The company was founded in Dublin in 1999 as GloboGifts. Mosley, who set up the company with Eddie Reynolds, originally envisaged it as an "Interflora for gift certificates" with the idea that individuals might buy certs as gifts for family and friends. However, it wasn't long before they realised there were much bigger opportunities available.
“What happened was that rather than consumers we were winning corporate customers who instead of ordering just one gift certificate from us were ordering them by the 1,000 to reward employees. At the same time, there was this whole new world of social media flourishing and we realised that bringing the two together could have a major impact,” Mosley says.
The entrepreneur (49), who has held on to his accent despite the years away, rebranded the company as Globoforce and achieved a fair degree of success locally before a change in legislation made it less of an incentive taxwise for employers to reward staff. This ended up being a blessing rather than a curse for the company.
Pivotal moment
“We were spending way too much time chasing business that was tax-incentivised that largely disappeared and so we had to focus instead on the long-term vision of the company, which as I saw it meant moving to the US. I’d been going over for a few weeks at a time but it was only when I relocated that I realised the importance of being on the ground in terms of absorbing fully how the culture works.
“It was a pivotal moment for the company because the market there was much more evolved, although even in the US the employee recognition programmes were old-fashioned and hierarchical.”
The businessman says Workhuman was the first to reinvent the concept of recognition in the workplace as a social activity.
“In the past, it was something driven by managers who designated who their top 10 performers were and rewarded the same people again and again. We worked to turn that upside down by telling companies they needed a bigger winners’ circle. Basically, you want 90 per cent of employees to feel appreciated rather than just one or two so we encouraged more awards to be given to more people and for it to be something that is designated as a function to employees themselves,” Mosley says.

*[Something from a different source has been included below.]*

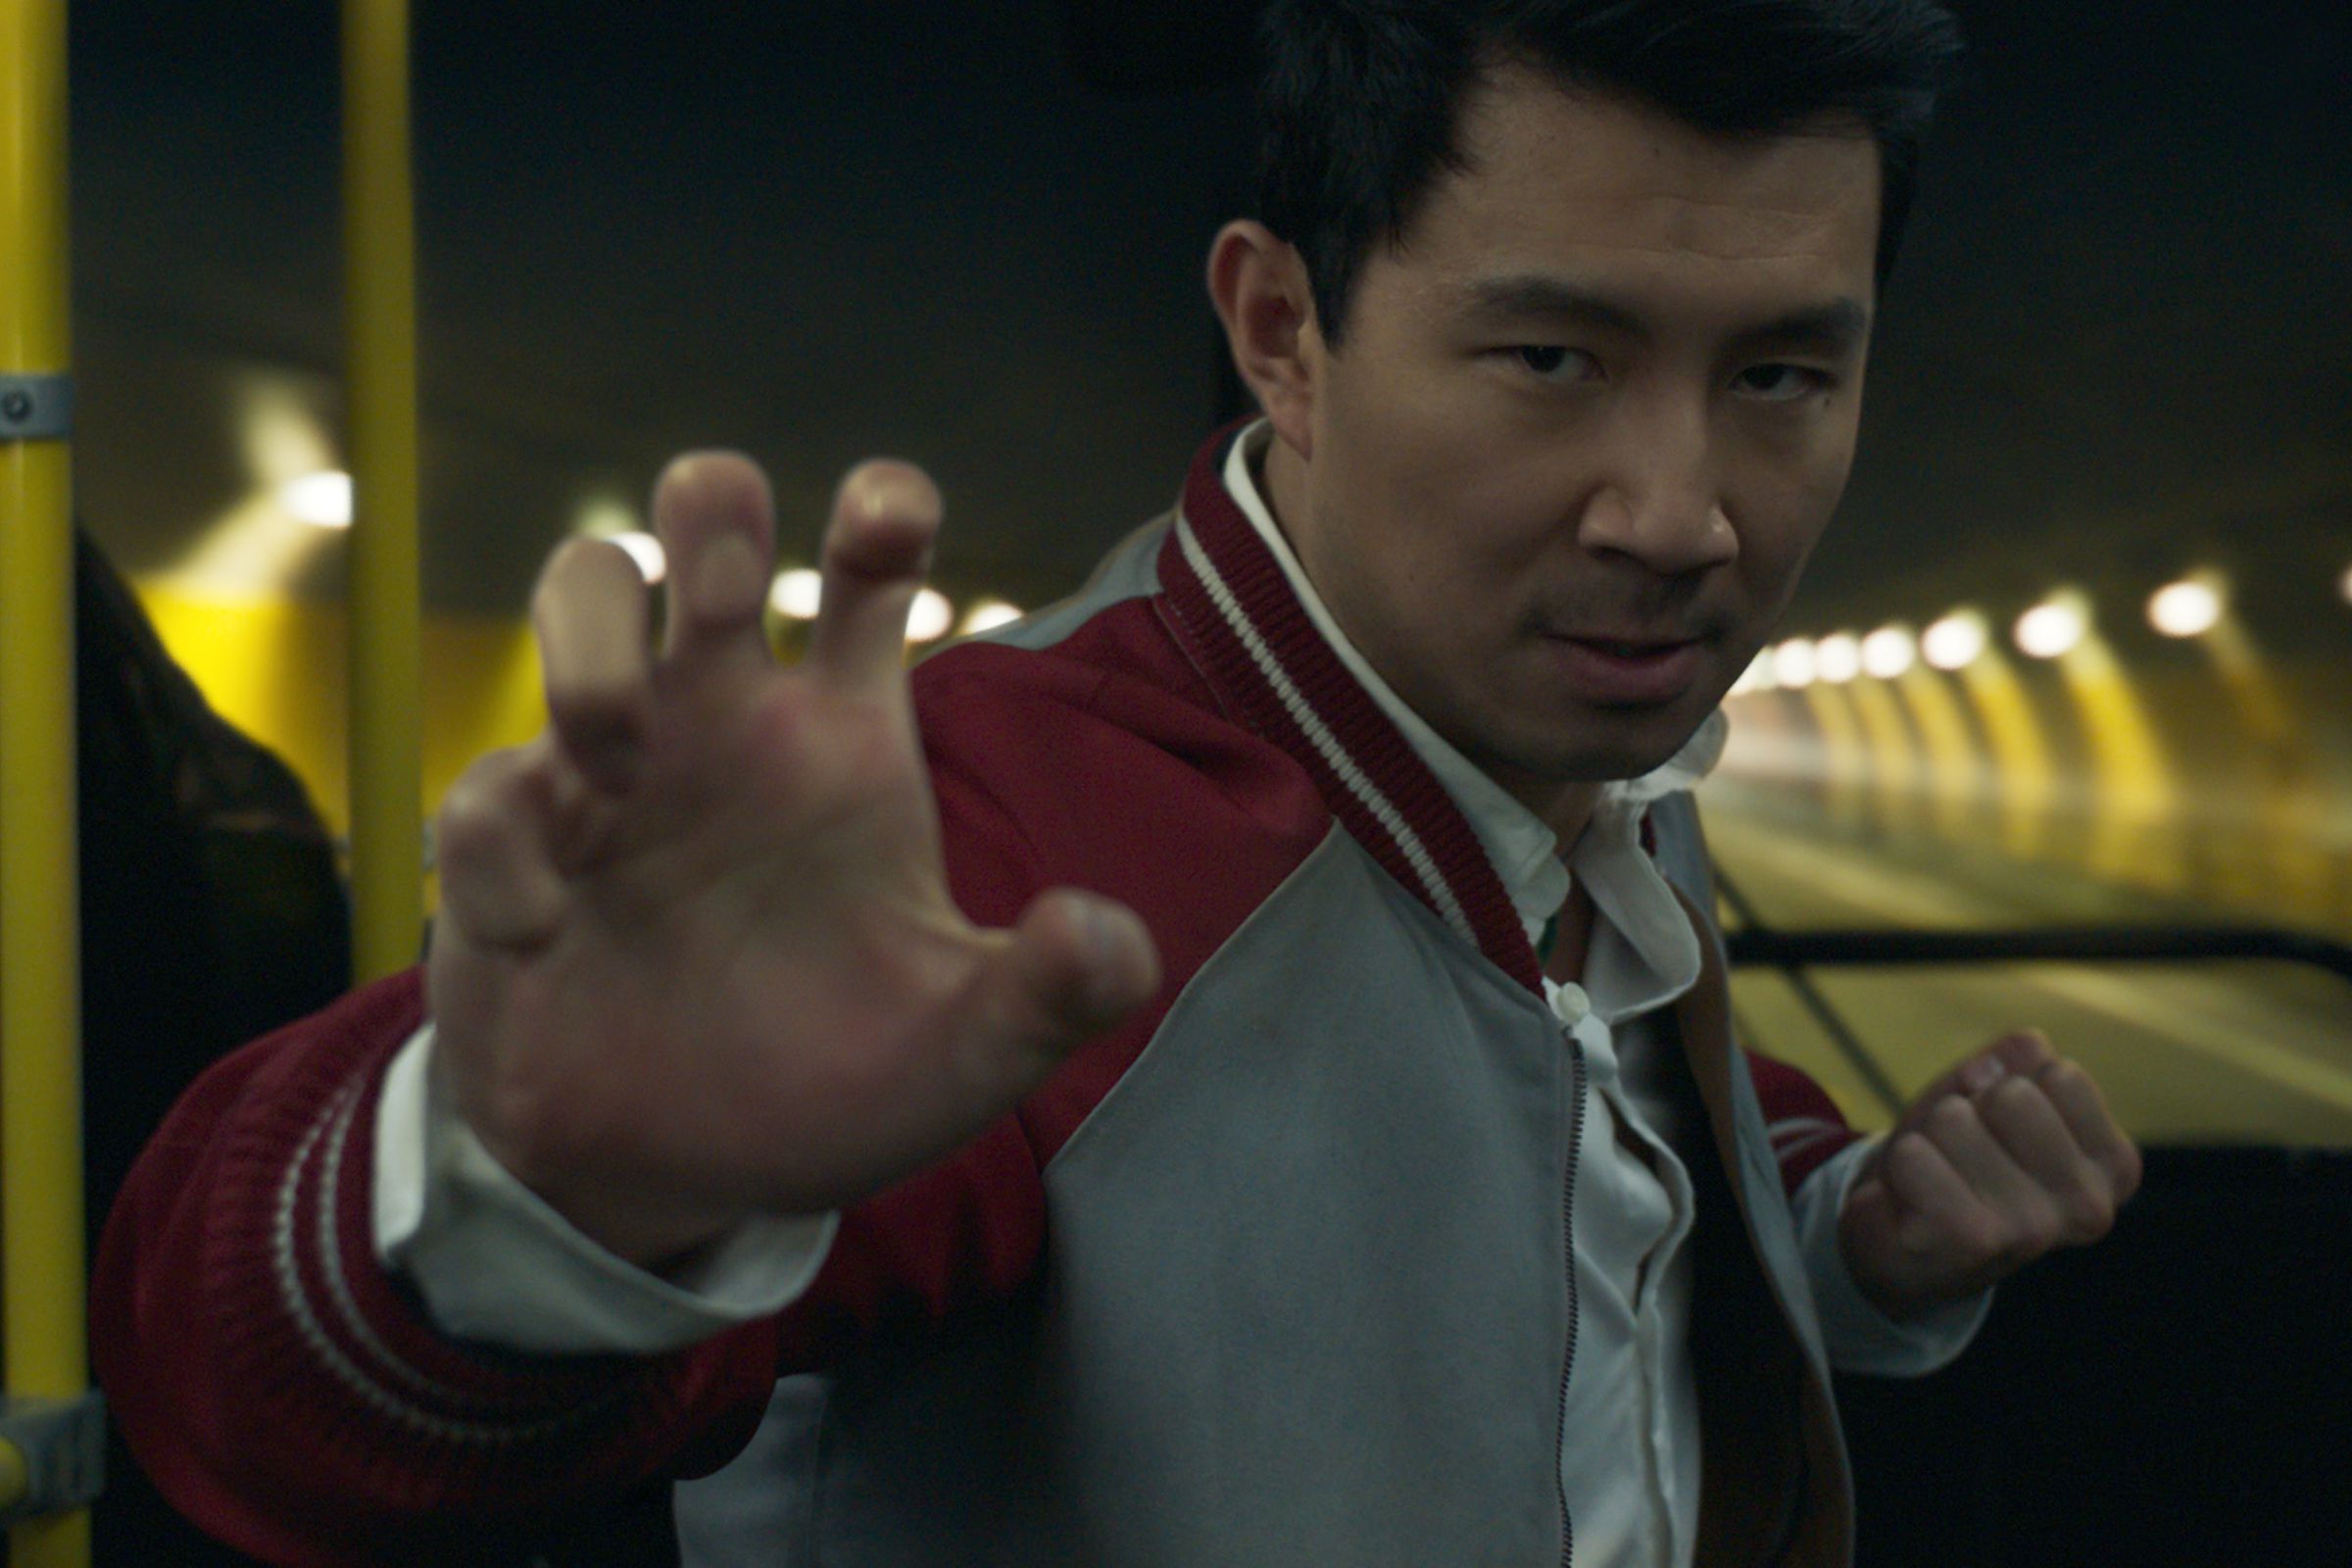 Actor Simu Liu in a fighting pose.

“The result is that everyone feels they are a part of a team. The relationships between people get deeper and retention goes up because staff don’t want to leave a place where they are fulfilled and where the work they do is recognised and rewarded.”
Workhuman, which rebranded from Globoforce in 2019, has grown every year over the past 20 years and is on course to reach revenues of $1 billion by the end of 2021. In the early days, Mosley didn’t just get out and sell the concept but also did much of the coding of the company’s platform. Even though he is keen to return to Dublin at some point and says an initial public offering (IPO) is on the cards, he’s in no rush to relinquish control of Workhuman.

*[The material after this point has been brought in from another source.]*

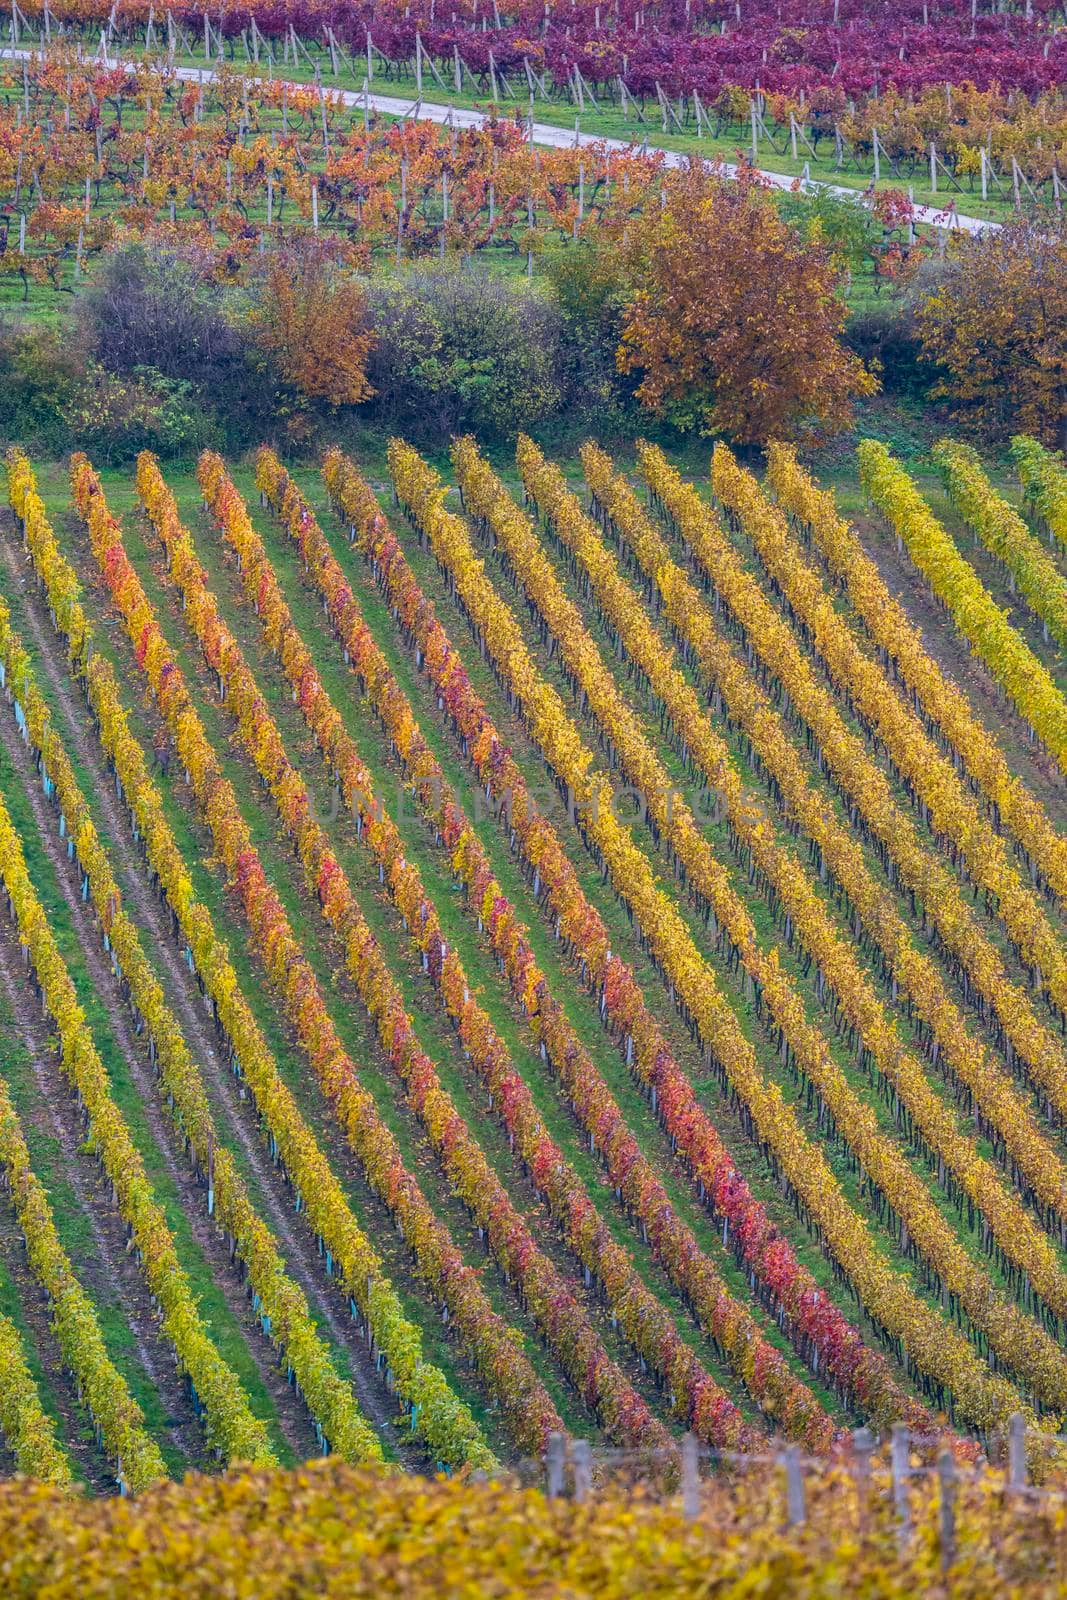 Autumn vineyard near Cejkovice, Southern Moravia, Czech Republic by phbcz

“[Until recently] we hadn’t raised money since 2004 and over the lifetime of the company we’d only raised $14 million because I’ve always believed that raising huge investment can be detrimental to development as you have to generate returns to suit investors’ timescales. That corrupts the natural evolution of the business. But that said I’m in favour of an IPO at some point because it means even greater rigour and governance,” he says. “Even if there is one and that is something I think will happen, I’ll be thinking of staying on for a while afterwards. I’m in it for the long haul.”